Last week, I got a chance to play the upcoming Underworld Ascendant, a fantasy RPG set in the same universe as the Ultima series. While it is being produced by a small group of people at Otherside Entertainment, around 14 in total. It definitely has gaming industry pedigree attached. The project is being helmed by Warren Spector, who has produced some hugely influential titles such as Deus Ex, and Paul Neurath, who worked on the original Ultima games.

Underworld Ascendant is set in, you guessed it, the Underworld, where Zeus’s great enemy Typhon has managed to seize control. You are playing as the prophesized hero aiming at liberating the Land of the Dead from Typhon’s rule. So far, so standard. There are various factions vying for control and it is your job to unite them against their common enemy. It’s hard to judge the plot too much, as I only managed to play the first hour or so, but it is encouraging to have developers who worked on Deus Ex and Thief, both games with some of the strongest narratives out there.

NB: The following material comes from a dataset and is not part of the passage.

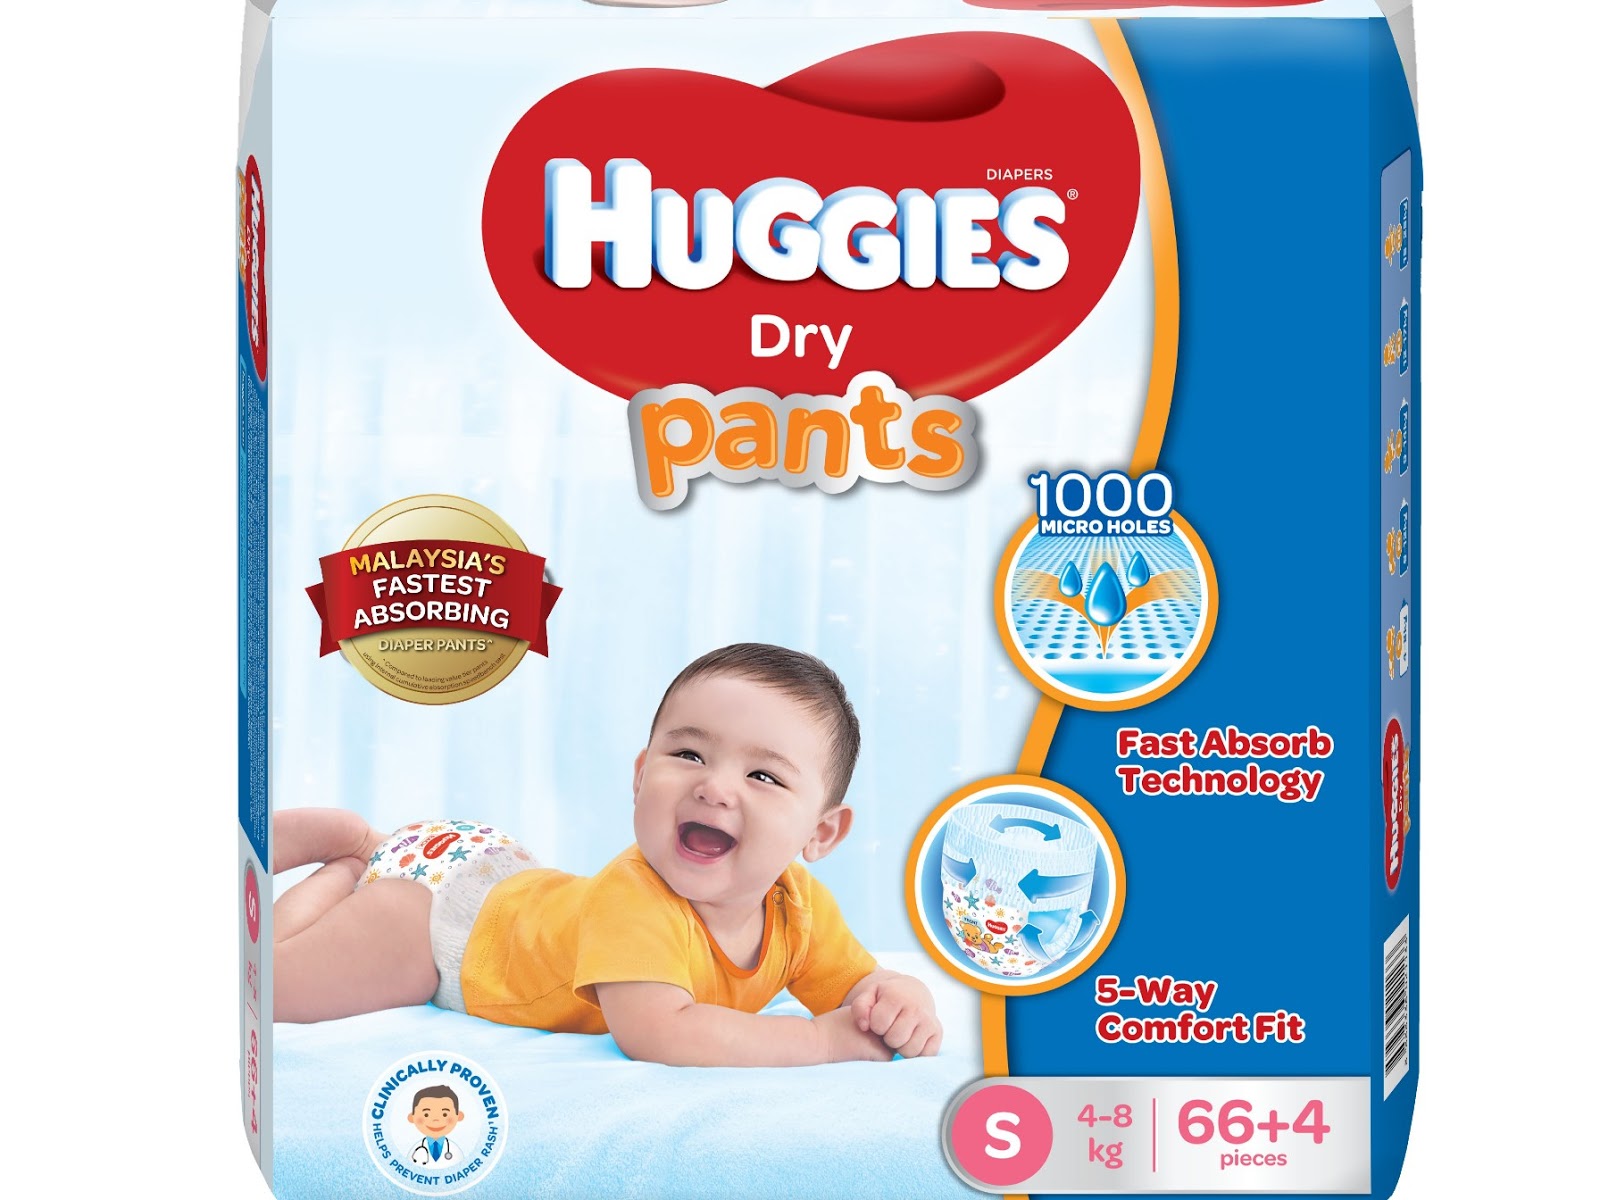 Huggies Dry Pants

Underworld Ascendant’s biggest strength is in the freedom it offers players. Got a locked door in front of you and don’t want to search for the key? Just light it on fire and laugh as you walk over its smoldering remains. Can’t be bothered to sneak past these enemies? Just slap one in the face and lure them onto a wooden bridge, cutting it away from underneath them. Need to find something to weigh a switch down but don’t want to trek back to find a suitable crate? Just plop the dead enemy’s corpse on top and move on.

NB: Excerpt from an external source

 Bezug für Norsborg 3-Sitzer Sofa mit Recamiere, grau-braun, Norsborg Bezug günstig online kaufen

Hands-on with Underworld Ascendant - n3rdabl3

It is common for fantasy RPGs to give you three distinct playstyles: Mage, Fighter, Rogue. I say ‘distinct’, but it usually boils down to whether you want to smack bad guys with fireballs, axes or arrows. Underworld Ascendant gives you various options to solve your problems, and it is this freedom that I think will really appeal to players upon its full release. Part of what makes this work is its complex skill tree; You are not tied to a class in Underworld Ascendant, but instead level up Rogue, Mage and Fighter skills however you see fit.

This allows you to build a character tailored to you and approach the obstacles accordingly. The games magic system also reflects this freedom, as you build it through acquiring runes. These runes can be combined to create new skills, similar to Magicka but being a bit more abstract. You can find hints as to which runes combine to make which spells, but you can also just experiment with them yourself. The games even address a particular issue I have with most stealth games: It has an unlockable meter which tells you what level of light you are currently standing in. This is such a useful addition to a stealth game, and it is incredible how few games include this feature when Thief was doing it over twenty years ago.

Now, as with any game, Underworld Ascendant is not without its flaws. My main gripe was that all the different environments looked the same. I am struggling to decide if I preferred ‘Dark Foreboding Cave’ or ‘Shadowy Dread Tomb’. I know it is set in the Underworld and so we cannot have levels set in Sunshine Fun Land, but a bit more variation would have better sold the experience to me.

Now, of course, I only played a very limited section of the game, so it is entirely possible the levels become more varied as the game progresses, but I did not see any evidence of this. Additionally, the demo version I played was extremely buggy, with skeletons clipping through doors to the game simply failing to load levels on occasion.

Hands-on with Underworld Ascendant - n3rdabl3

I also could not use a healing spell, and while I enjoyed playing on ‘hardcore’ I do not think that is supposed to reflect the full experience. Now, yes, I played a demo version so I am sure that many of these glitches will have been ironed out upon release, but the game is made on Unity, which is famous for being buggier than a beehive.


Besides those niggling issues, the game seemed very enjoyable and a lot more creative than your usual Elder Scrolls rip-off fantasy RPG. There are a lot of interesting ideas at play and the developers actually seem like they want to deliver a thoughtful, engaging challenge to the player. If you are in the market for a new RPG and are sick of endless fetch quests that only serve to pad out the experience, you should definitely consider Underworld Ascendant.

Underworld Ascendant releases on Windows, Mac, and Linux on November 15, 2018.